| Exercise |
A faithful copy of the listing below is needed, with its pictures left out.
[[ Data block, beginning ]]
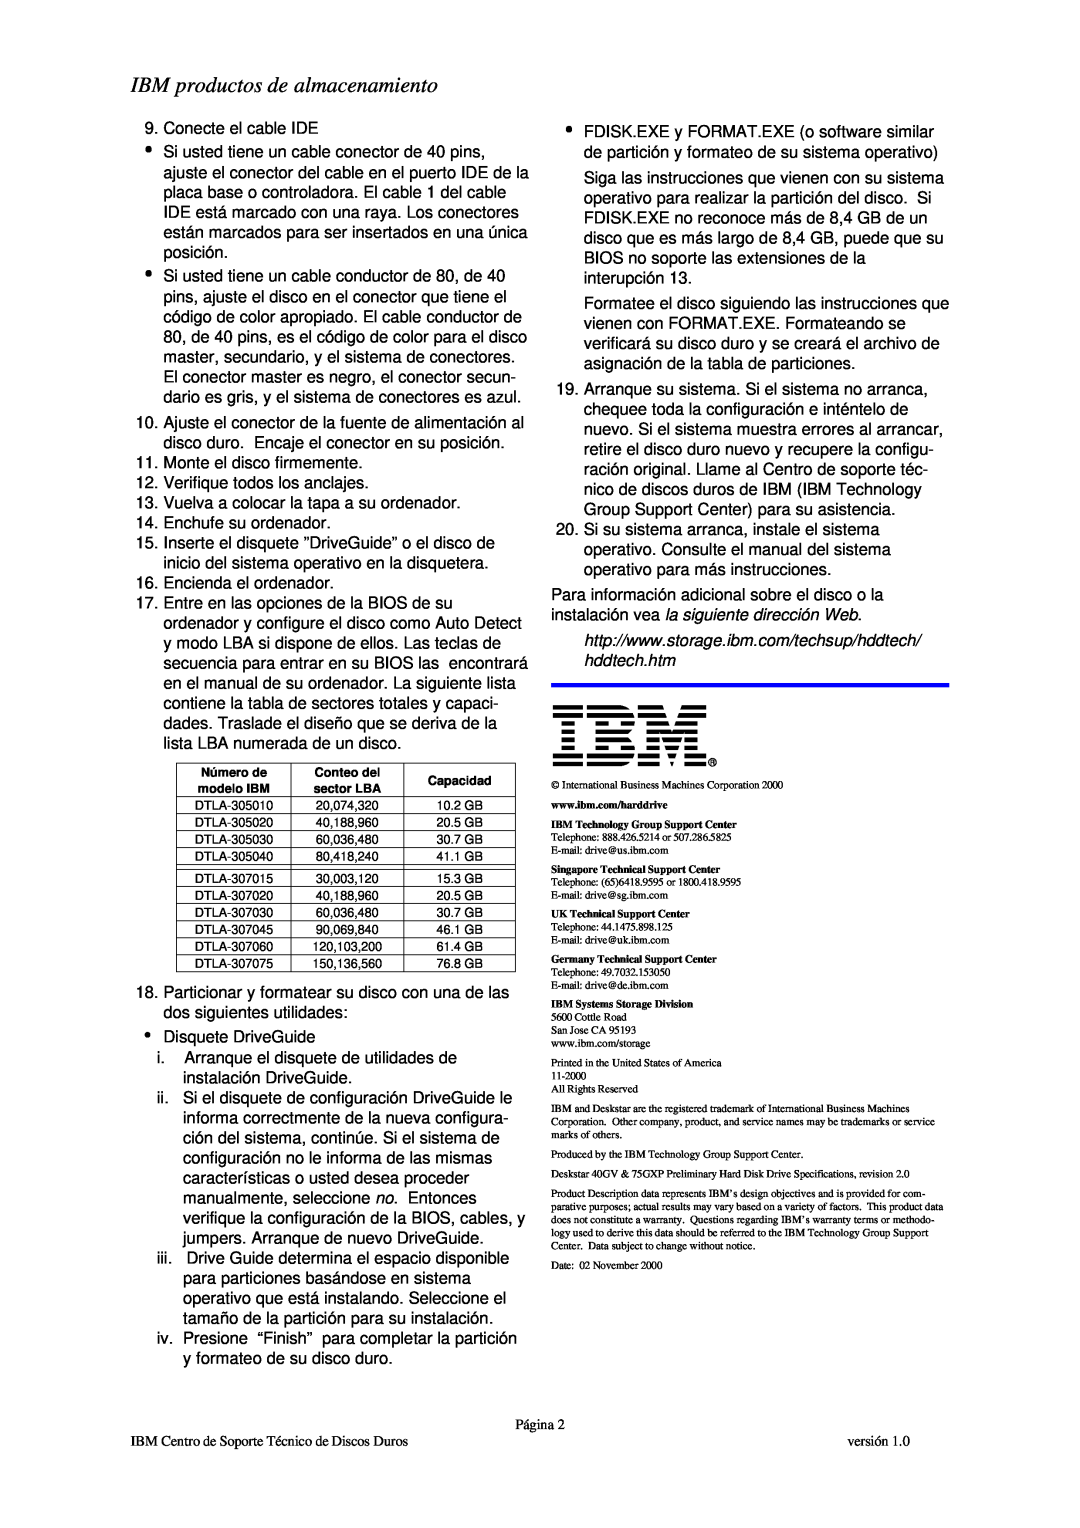 IBM DTLA-307045, DTLA-307060, DTLA-305020, DTLA-307020, DTLA-307075, DTLA-372015 hddtech.htm, IBM productos de almacenamiento 
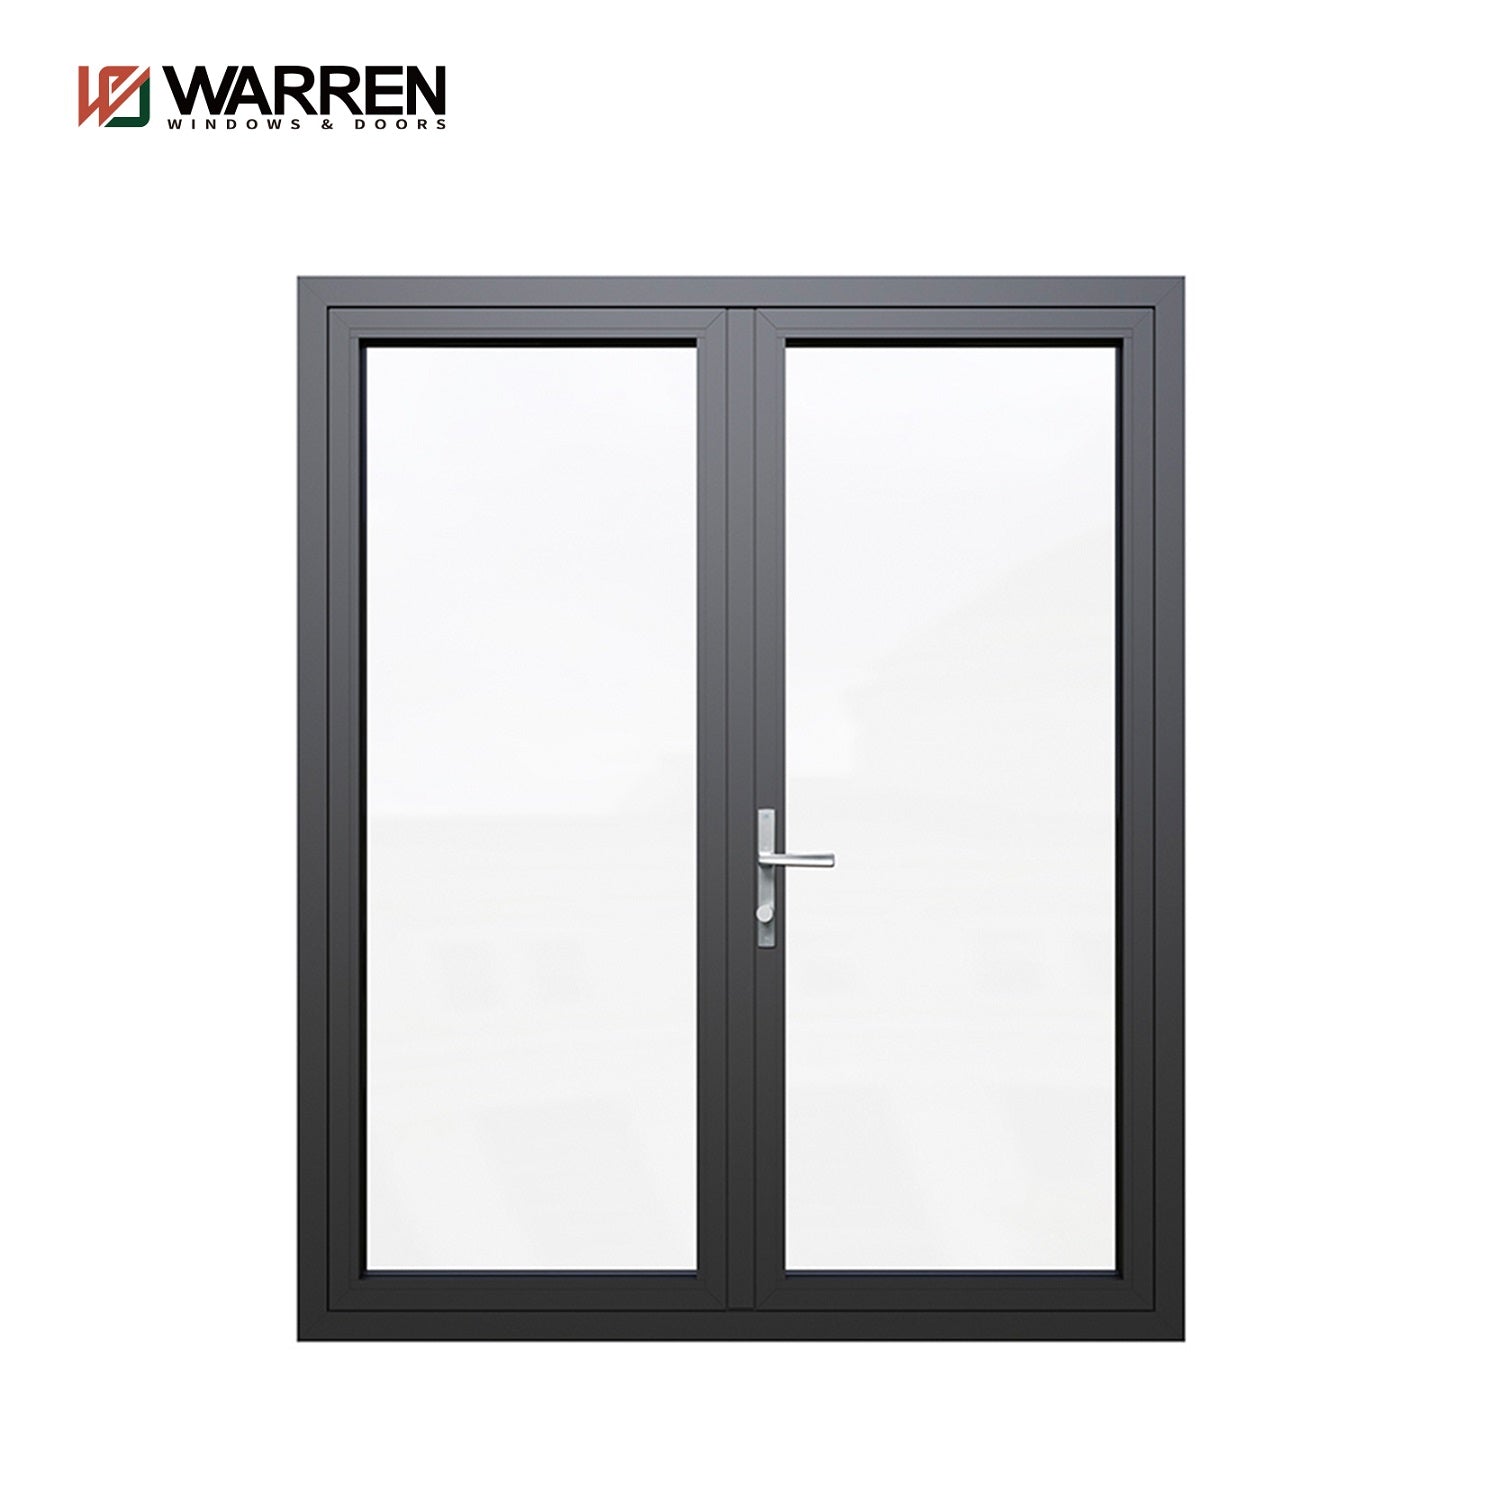 Warren black and red series 112*34 casement door aluminium 6060-T66 double glass with 3mm factory sale
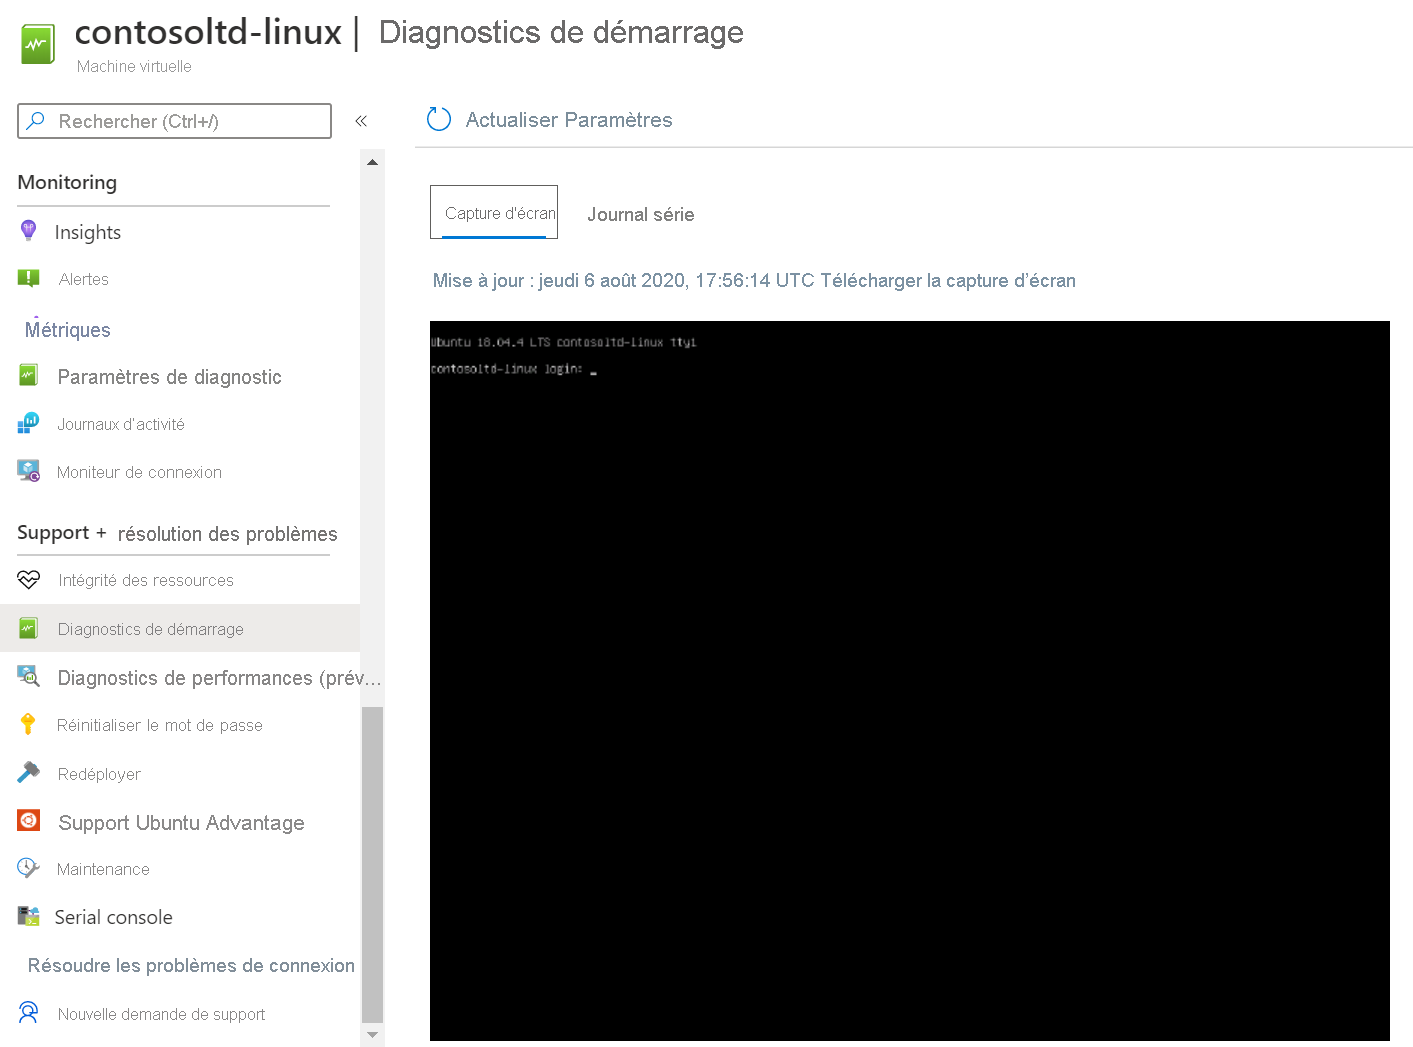 Capture d’écran des diagnostics de démarrage Linux
[[ Data block, end ]]
| Task response |
 IBM DTLA-307045, DTLA-307060, DTLA-305020, DTLA-307020, DTLA-307075, DTLA-372015 hddtech.htm, IBM productos de almacenamiento 
 Warren black and red series 112*34 casement door aluminium 6060-T66 double glass with 3mm factory sale
 Capture d’écran des diagnostics de démarrage Linux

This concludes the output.